PPP shows that ‘government failure’ is as real as ‘market failure’

On Wednesday, I wrote about how, in a recent interview with the Pioneer Press, I spoke about some of the schemes the federal government used to aid businesses during the COVID-19 pandemic, such as the Paycheck Protection Program (PPP):

“The problem that we faced was we were shutting down the economy to fight the virus, but we wanted to make sure there was an economy at the other end of it,” said John Phelan, an economist at the Center of the American Experiment, a Golden Valley-based think tank. “What we were trying to do effectively is put the economy in deep-freeze.”

Phelan added that while the PPP program and others amounted to government intervention on a massive scale, he felt they were effective.

“If the government is shutting your business down and making it impossible to function, then the government has a duty to make sure you can survive that,” he said. “If I smash a baseball through the neighbor’s window, I’m responsible for paying for the neighbor’s window.”

I noted that there was a trade-off:

The federal government had to balance getting the money to the businesses which needed it — and targeting takes time — and getting the money to them quickly. 

I also noted that, given this tension, mistakes were bound to be made and that new research had attempted to quantify this:

New research by economists John M. Griffin, Samuel Kruger, and Prateek Mahajan estimates that around 1.8 million of the program’s 11.8 million loans — more than 15 percent — totaling $76 billion had at least one indication of potential fraud. A more restrictive calculation by the researchers, of loans with at least two suspicious characteristics, identified 1.2 million potentially fraudulent loans, totaling $38 billion.

The question was whether this loss to fraud was more than offset by the benefits of the program. On Thursday, I looked at a bunch of research which showed that it probably wasn’t:

Taken together, this research suggests that the PPP saved relatively few jobs at a high cost and was a poor allocation of capital.

So, mea culpa? Not quite.

If were found ourselves in similar circumstances, I would still defend a program like PPP in principle. It remains true that, if the government is going to shut your business down and prevent you from generating revenue that the government also has a duty to help your business through that shutdown, however long it is.

But that is in principle.
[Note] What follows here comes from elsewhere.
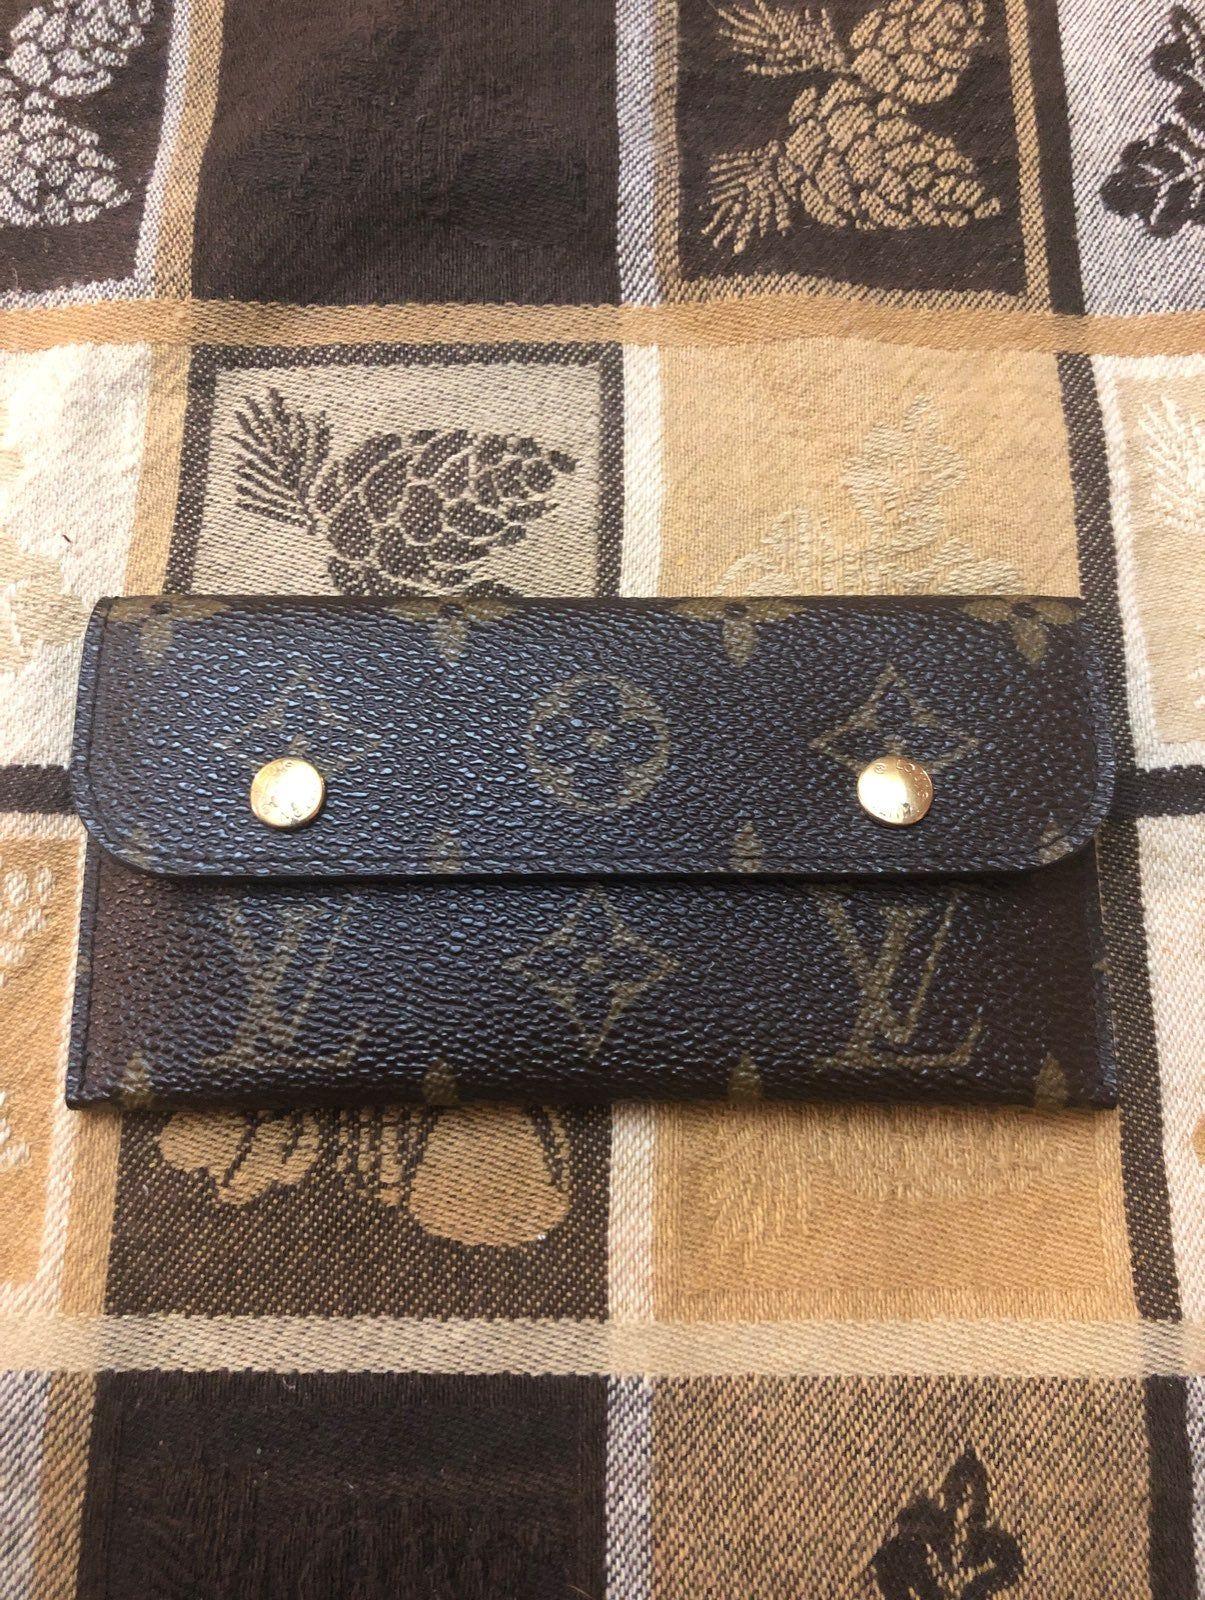 Authentic Louis Vuitton cardcase wallet missing keychain

The actual experience of PPP would give me some pause before advocating for such a scheme again in practice.

There is an important lesson here. Economics students will spend a good deal of time looking at ‘market failure’. These arise when the real world deviates from some theoretical construct like perfect competition. Government intervention is often prescribed as the remedy. But, as the experience of PPP shows, government can fail as well. Like a perfectly competitive market, PPP was fine in principle. In practice, however, it was no more robust. Students of economics will rarely encounter a module on ‘government failure.’ Maybe they should.